是谁?!是刺客?还是……阿史那铁勒的余党?!
巨大的危机感让沈言浑身的汗毛都竖了起来!他猛地后退几步,背靠着冰冷的墙壁,双手死死握住弯刀,刀尖颤抖着指向门口,眼神锐利如受伤的孤狼,充满了决绝的警惕!不管是谁,想伤害他或苏云,他拼死也要咬下对方一块肉!
“砰——!”
寝殿大门被一股巨大的力量猛地从外面撞开!沉重的门板撞在墙上,发出震耳的声响!
一个裹在灰褐色大氅里、风帽遮住大半张脸的高大身影,带着一身凛冽的风雪寒气,如同山岳般堵在了门口!殿内温暖的光线勾勒出他紧绷而充满攻击性的轮廓。
沈言瞳孔骤缩!
他看不清对方的脸,但那扑面而来的、如同实质般的压迫感还有极其微弱却让他灵魂深处为之悸动的熟悉感,让他心脏狂跳!恐惧与一种荒谬的期盼在他脑中激烈交战!

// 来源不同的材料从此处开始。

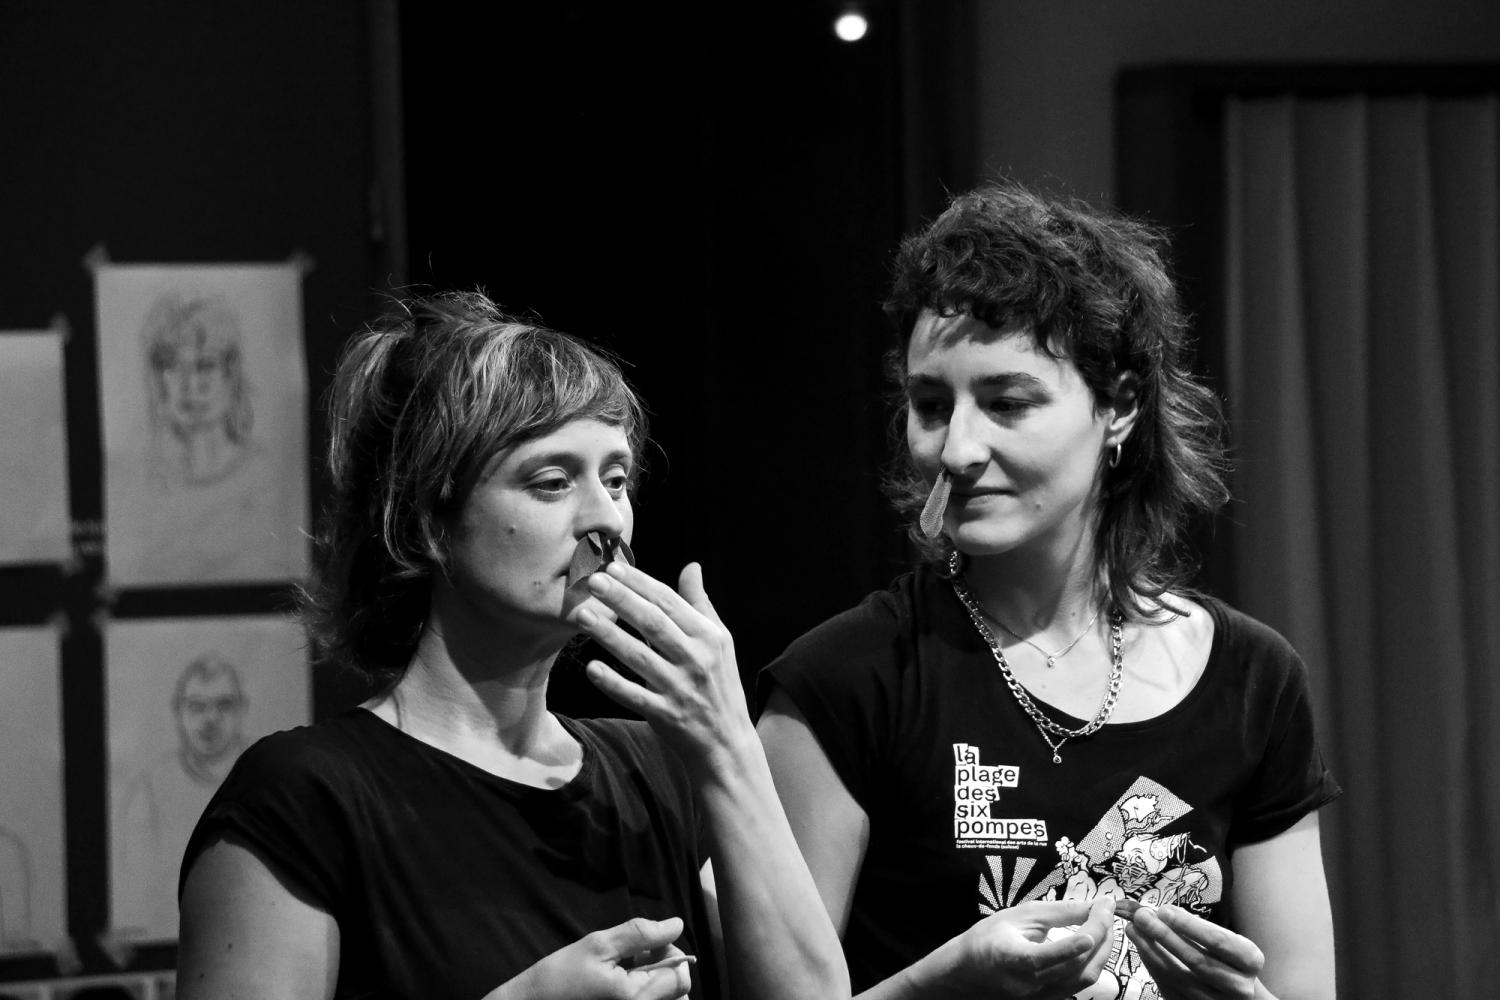 Eine Schwarz-Weiss-Fotografie zeigt die Oberkörper zweier weiblich gelesener Personen, in deren Nasenlöchern Salbei steckt.

“站……呃住!你…是谁…?!”沈言嘶声厉喝,声音嘶哑的厉害又因恐惧和虚弱而发颤,但握刀的手却异常稳定,刀尖直指来人!
冲进来的萧彻,所有的急切、暴怒和担忧,在视线触及殿内景象的瞬间,都凝固了!
他的清晏!
他朝思暮想、魂牵梦萦的谢清晏!
他就站在那里!穿着单薄的寝衣,赤着脚,脸色苍白得近乎透明,嘴唇没有一丝血色,身形比记忆中清减了许多,仿佛一阵风就能吹倒。

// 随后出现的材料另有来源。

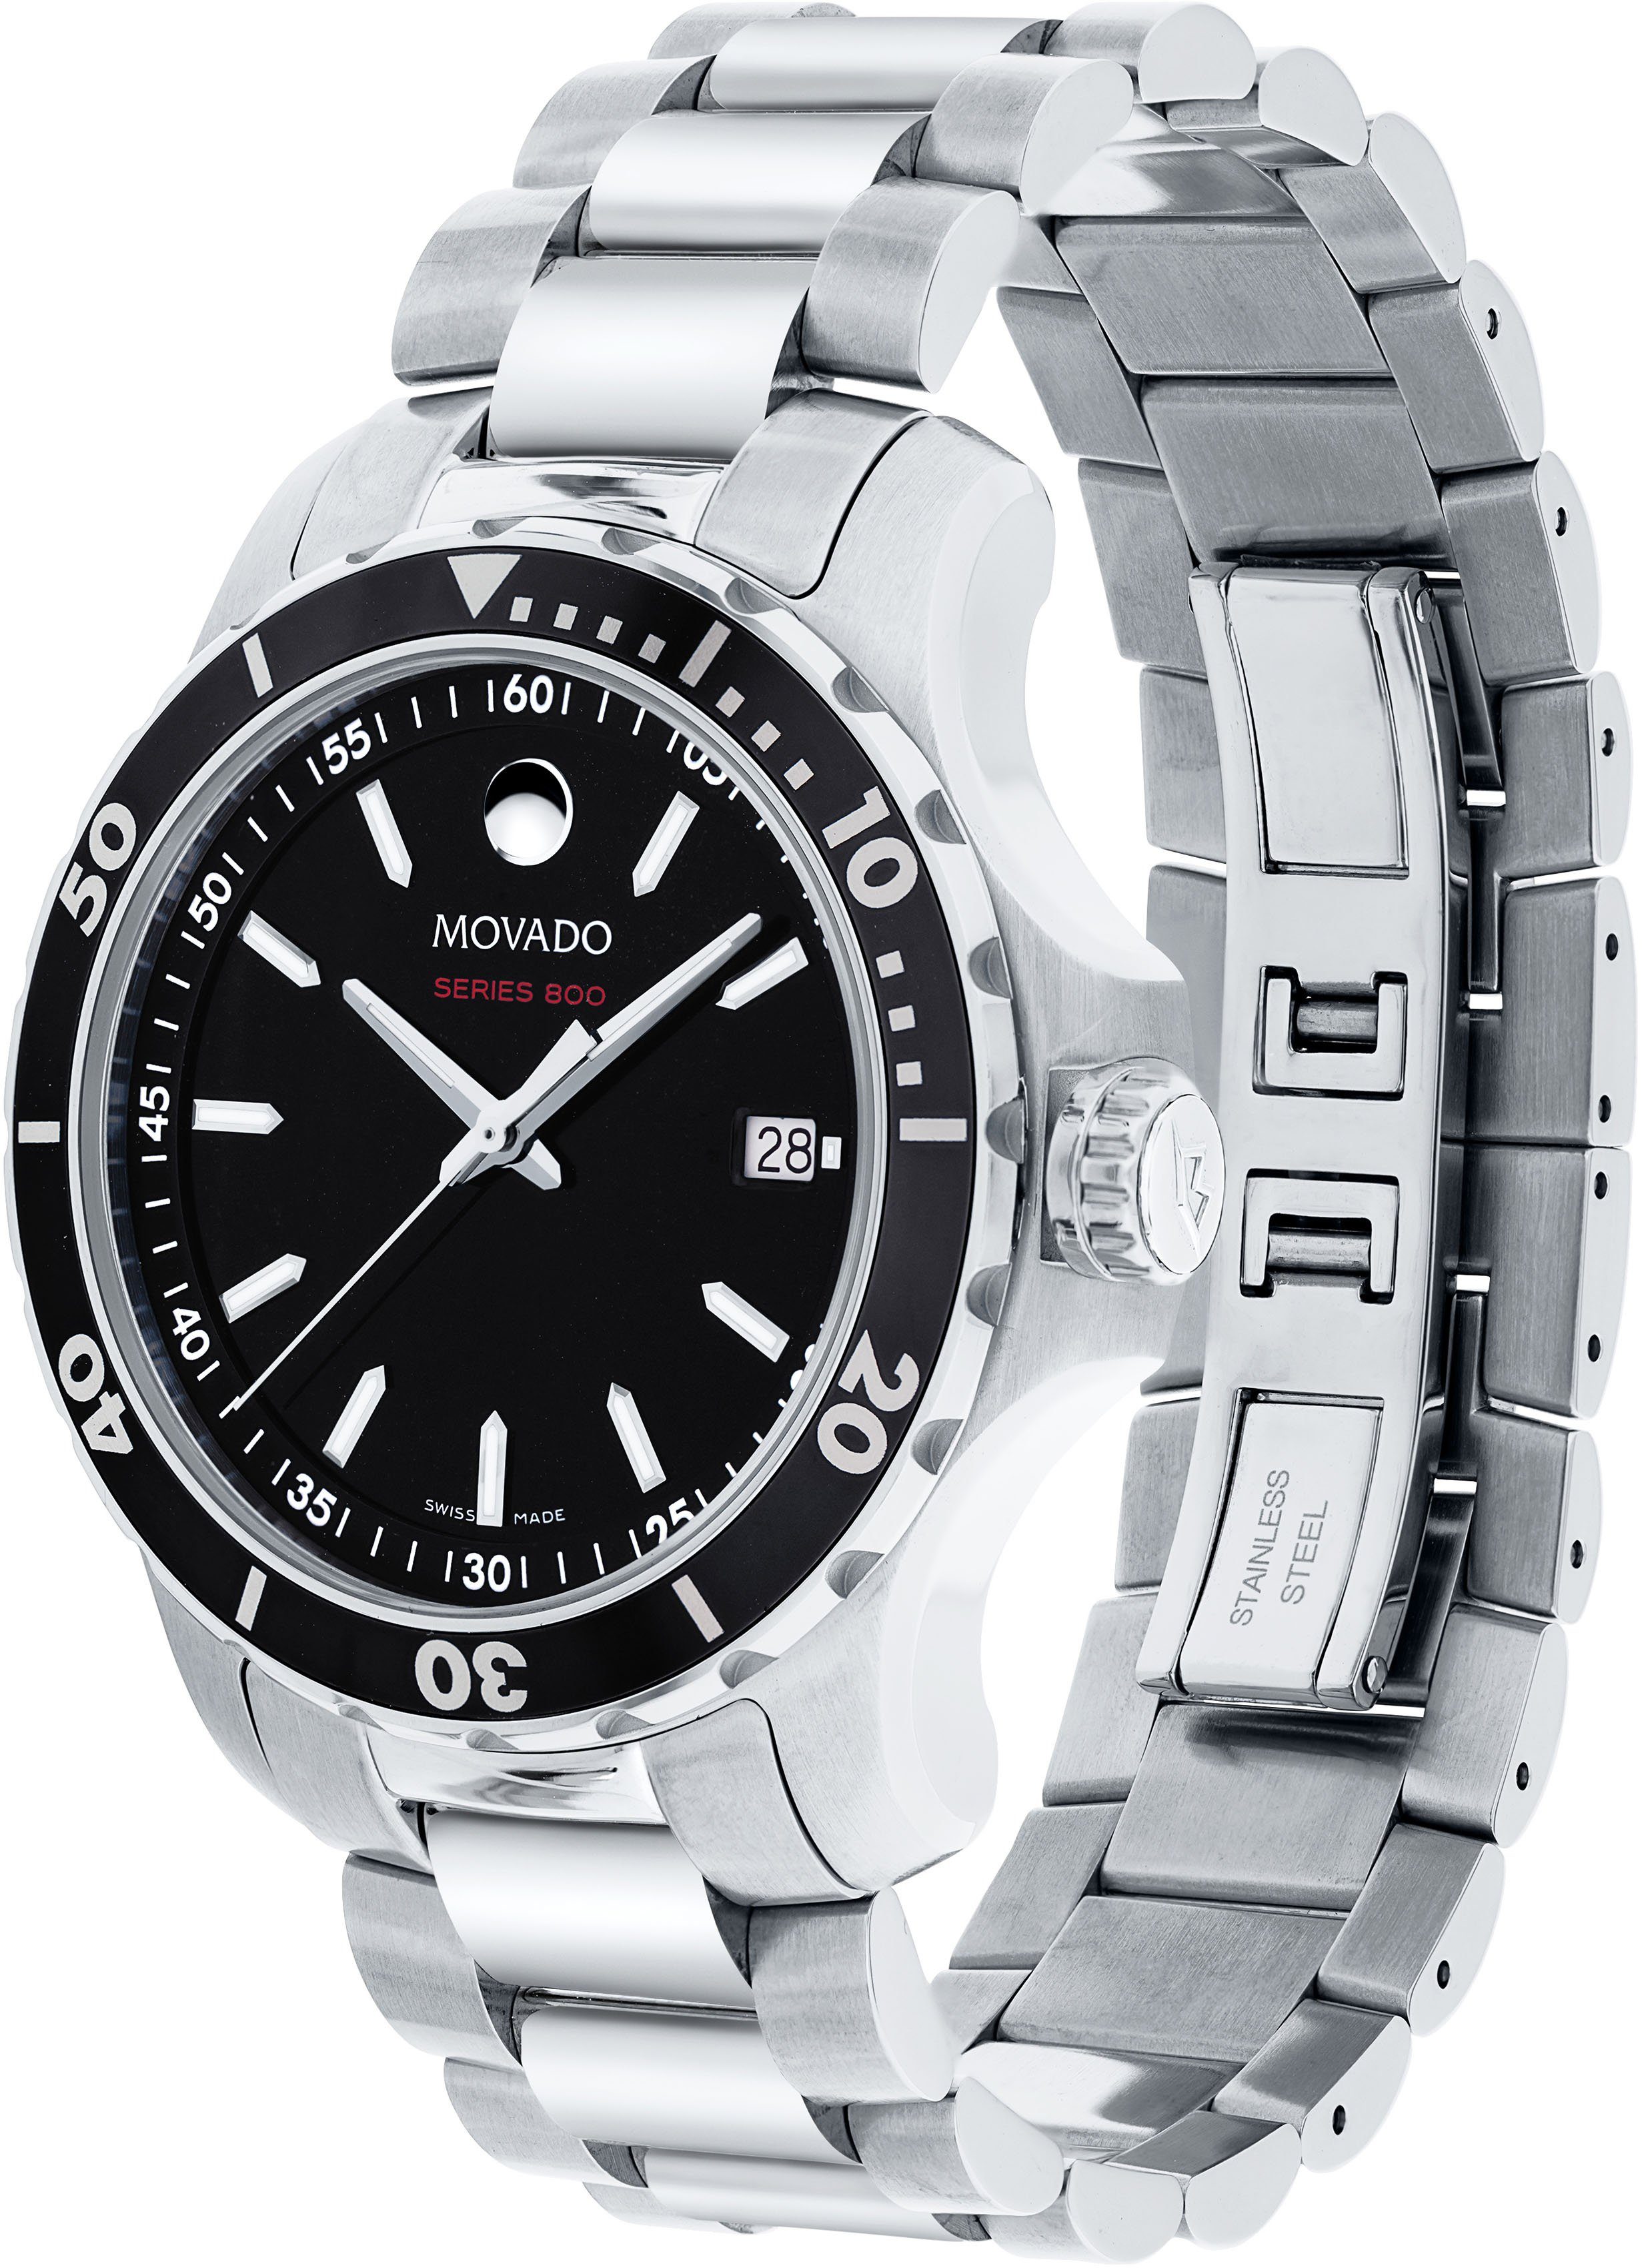 Herren Uhren MOVADO Schweizer Uhr Series 800, 2600135

那双他深爱着的、清澈如琉璃的眼眸,此刻布满了惊惶、警惕和深重的疲惫,如同受惊的小兽,正用一把弯刀对准了他!
他看起来那么脆弱,却又那么倔强!像一朵在寒风中瑟瑟发抖、却依旧挺直了茎秆、带着尖刺保护自己的雪莲!
巨大的心疼如同利刃,狠狠刺穿了萧彻的心脏!比看到阿史那铁勒尸体时更甚!他的清晏,他捧在手心里都怕化了的珍宝,竟然被逼到了如此境地!需要握紧武器来保护自己!
“清晏……”萧彻喉咙发紧,干涩地吐出这两个字,声音带着自己都未曾察觉的颤抖和哽咽。
他下意识地就想冲过去,将这个饱受惊吓和折磨的人儿狠狠揉进怀里,用自己的一切去温暖他、安抚他!
然而,沈言听到这陌生的称呼和那低沉沙哑的、刻意改变过的声音,非但没有放松警惕,反而更加紧张!刀尖又向前递了一寸:“别……过来!再靠近…我动…手了!” 他以为这是阿史那铁勒的同伙,或者新的敌人!
萧彻猛地顿住脚步!看着沈言眼中那毫不作伪的陌生和恐惧,他才猛然惊觉——自己还裹着那该死的伪装!脸上还沾着假胡须和风尘!
他的清晏,根本没认出他!
巨大的懊恼和心疼几乎要将萧彻淹没!
他再顾不上其他,几乎是手忙脚乱地一把扯掉头上的风帽,胡乱撕下脸上用来伪装的假胡须和改变肤色的药物,动作急切得甚至有些粗鲁!
“清晏!是我!看清楚!是我!”萧彻的声音恢复了原本的磁性低沉,带着急切和不容错辩的焦灼!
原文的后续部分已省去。